# [What you will do]
Your job is to return every line in the data holding the string "Vintage".

# [Input data]
====================

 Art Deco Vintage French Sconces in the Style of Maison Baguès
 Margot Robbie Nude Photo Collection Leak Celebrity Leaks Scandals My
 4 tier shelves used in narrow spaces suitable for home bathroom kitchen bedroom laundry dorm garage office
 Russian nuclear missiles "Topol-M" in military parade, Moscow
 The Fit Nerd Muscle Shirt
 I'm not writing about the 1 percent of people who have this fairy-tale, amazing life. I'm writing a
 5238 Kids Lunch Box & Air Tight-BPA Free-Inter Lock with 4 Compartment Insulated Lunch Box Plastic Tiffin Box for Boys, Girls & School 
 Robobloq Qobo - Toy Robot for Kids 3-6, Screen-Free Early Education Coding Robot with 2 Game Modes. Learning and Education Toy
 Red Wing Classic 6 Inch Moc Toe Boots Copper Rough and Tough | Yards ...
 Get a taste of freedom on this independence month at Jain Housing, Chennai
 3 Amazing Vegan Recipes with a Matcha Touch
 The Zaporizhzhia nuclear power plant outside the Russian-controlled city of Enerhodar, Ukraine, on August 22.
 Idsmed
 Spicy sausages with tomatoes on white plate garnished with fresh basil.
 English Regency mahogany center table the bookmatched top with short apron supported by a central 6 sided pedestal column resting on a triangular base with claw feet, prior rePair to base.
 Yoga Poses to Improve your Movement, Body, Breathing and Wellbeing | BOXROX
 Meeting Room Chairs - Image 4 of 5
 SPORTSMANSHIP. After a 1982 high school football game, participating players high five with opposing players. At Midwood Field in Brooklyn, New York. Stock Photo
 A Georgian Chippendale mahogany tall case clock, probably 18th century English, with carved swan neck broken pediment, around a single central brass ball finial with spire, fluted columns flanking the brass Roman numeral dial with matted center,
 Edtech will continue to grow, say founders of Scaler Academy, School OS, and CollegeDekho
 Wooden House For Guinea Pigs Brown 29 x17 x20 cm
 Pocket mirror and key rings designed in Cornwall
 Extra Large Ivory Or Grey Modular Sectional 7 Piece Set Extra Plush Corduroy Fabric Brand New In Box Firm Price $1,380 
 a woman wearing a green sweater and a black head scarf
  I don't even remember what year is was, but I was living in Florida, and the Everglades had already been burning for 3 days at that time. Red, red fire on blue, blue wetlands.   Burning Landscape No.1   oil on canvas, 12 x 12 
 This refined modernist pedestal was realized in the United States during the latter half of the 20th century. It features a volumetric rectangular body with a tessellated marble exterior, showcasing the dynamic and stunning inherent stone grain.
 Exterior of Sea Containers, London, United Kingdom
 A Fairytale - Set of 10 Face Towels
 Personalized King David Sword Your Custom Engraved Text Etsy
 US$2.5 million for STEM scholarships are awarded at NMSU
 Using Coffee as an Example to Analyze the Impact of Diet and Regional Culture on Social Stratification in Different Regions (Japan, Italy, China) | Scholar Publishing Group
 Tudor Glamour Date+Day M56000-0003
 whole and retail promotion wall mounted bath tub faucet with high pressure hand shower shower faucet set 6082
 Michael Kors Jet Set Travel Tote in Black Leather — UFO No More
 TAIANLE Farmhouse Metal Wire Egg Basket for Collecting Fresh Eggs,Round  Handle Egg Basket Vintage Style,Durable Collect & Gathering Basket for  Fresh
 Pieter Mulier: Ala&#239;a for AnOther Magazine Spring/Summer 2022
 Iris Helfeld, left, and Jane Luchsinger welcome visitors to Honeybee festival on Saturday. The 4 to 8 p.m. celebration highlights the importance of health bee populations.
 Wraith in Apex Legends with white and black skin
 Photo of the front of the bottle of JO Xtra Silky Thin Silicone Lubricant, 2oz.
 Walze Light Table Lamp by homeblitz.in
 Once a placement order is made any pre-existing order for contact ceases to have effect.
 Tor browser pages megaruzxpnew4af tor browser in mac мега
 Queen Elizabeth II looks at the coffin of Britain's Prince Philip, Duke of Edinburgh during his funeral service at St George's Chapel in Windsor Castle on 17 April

====================

# [Response area]
 Art Deco Vintage French Sconces in the Style of Maison Baguès
 TAIANLE Farmhouse Metal Wire Egg Basket for Collecting Fresh Eggs,Round  Handle Egg Basket Vintage Style,Durable Collect & Gathering Basket for  Fresh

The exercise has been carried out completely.